- [Activity]:
From the first record below to the last, retype each one exactly.

- [Data records]:
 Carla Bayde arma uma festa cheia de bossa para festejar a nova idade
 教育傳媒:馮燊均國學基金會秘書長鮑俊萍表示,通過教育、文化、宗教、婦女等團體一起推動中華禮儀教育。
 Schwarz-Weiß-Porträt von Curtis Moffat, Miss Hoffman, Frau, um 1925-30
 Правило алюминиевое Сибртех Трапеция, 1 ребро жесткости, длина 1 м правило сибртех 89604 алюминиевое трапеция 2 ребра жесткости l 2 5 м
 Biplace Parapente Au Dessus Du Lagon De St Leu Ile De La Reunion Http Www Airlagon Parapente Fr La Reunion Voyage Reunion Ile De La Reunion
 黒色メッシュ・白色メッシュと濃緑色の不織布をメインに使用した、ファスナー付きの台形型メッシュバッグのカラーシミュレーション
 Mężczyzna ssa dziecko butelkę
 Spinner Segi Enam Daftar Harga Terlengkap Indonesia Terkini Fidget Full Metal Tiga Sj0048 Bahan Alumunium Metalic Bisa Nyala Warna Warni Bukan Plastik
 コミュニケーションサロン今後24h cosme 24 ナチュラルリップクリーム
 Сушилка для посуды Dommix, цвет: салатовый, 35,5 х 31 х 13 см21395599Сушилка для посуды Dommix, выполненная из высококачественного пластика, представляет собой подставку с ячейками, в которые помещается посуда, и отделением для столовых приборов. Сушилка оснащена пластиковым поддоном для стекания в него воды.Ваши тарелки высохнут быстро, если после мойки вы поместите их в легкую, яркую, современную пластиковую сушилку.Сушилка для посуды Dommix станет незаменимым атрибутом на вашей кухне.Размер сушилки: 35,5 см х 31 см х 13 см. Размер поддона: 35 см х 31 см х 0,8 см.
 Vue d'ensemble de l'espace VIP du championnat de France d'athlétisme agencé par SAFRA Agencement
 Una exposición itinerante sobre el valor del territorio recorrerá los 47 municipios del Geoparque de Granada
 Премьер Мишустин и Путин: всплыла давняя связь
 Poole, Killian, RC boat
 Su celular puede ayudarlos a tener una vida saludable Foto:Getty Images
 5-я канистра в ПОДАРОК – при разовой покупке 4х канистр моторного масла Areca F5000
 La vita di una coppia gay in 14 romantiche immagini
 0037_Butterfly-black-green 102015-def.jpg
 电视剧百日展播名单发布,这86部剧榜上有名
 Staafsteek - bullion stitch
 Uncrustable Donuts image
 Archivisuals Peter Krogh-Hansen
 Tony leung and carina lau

- [Response box]:
 Carla Bayde arma uma festa cheia de bossa para festejar a nova idade
 教育傳媒:馮燊均國學基金會秘書長鮑俊萍表示,通過教育、文化、宗教、婦女等團體一起推動中華禮儀教育。
 Schwarz-Weiß-Porträt von Curtis Moffat, Miss Hoffman, Frau, um 1925-30
 Правило алюминиевое Сибртех Трапеция, 1 ребро жесткости, длина 1 м правило сибртех 89604 алюминиевое трапеция 2 ребра жесткости l 2 5 м
 Biplace Parapente Au Dessus Du Lagon De St Leu Ile De La Reunion Http Www Airlagon Parapente Fr La Reunion Voyage Reunion Ile De La Reunion
 黒色メッシュ・白色メッシュと濃緑色の不織布をメインに使用した、ファスナー付きの台形型メッシュバッグのカラーシミュレーション
 Mężczyzna ssa dziecko butelkę
 Spinner Segi Enam Daftar Harga Terlengkap Indonesia Terkini Fidget Full Metal Tiga Sj0048 Bahan Alumunium Metalic Bisa Nyala Warna Warni Bukan Plastik
 コミュニケーションサロン今後24h cosme 24 ナチュラルリップクリーム
 Сушилка для посуды Dommix, цвет: салатовый, 35,5 х 31 х 13 см21395599Сушилка для посуды Dommix, выполненная из высококачественного пластика, представляет собой подставку с ячейками, в которые помещается посуда, и отделением для столовых приборов. Сушилка оснащена пластиковым поддоном для стекания в него воды.Ваши тарелки высохнут быстро, если после мойки вы поместите их в легкую, яркую, современную пластиковую сушилку.Сушилка для посуды Dommix станет незаменимым атрибутом на вашей кухне.Размер сушилки: 35,5 см х 31 см х 13 см. Размер поддона: 35 см х 31 см х 0,8 см.
 Vue d'ensemble de l'espace VIP du championnat de France d'athlétisme agencé par SAFRA Agencement
 Una exposición itinerante sobre el valor del territorio recorrerá los 47 municipios del Geoparque de Granada
 Премьер Мишустин и Путин: всплыла давняя связь
 Poole, Killian, RC boat
 Su celular puede ayudarlos a tener una vida saludable Foto:Getty Images
 5-я канистра в ПОДАРОК – при разовой покупке 4х канистр моторного масла Areca F5000
 La vita di una coppia gay in 14 romantiche immagini
 0037_Butterfly-black-green 102015-def.jpg
 电视剧百日展播名单发布,这86部剧榜上有名
 Staafsteek - bullion stitch
 Uncrustable Donuts image
 Archivisuals Peter Krogh-Hansen
 Tony leung and carina lau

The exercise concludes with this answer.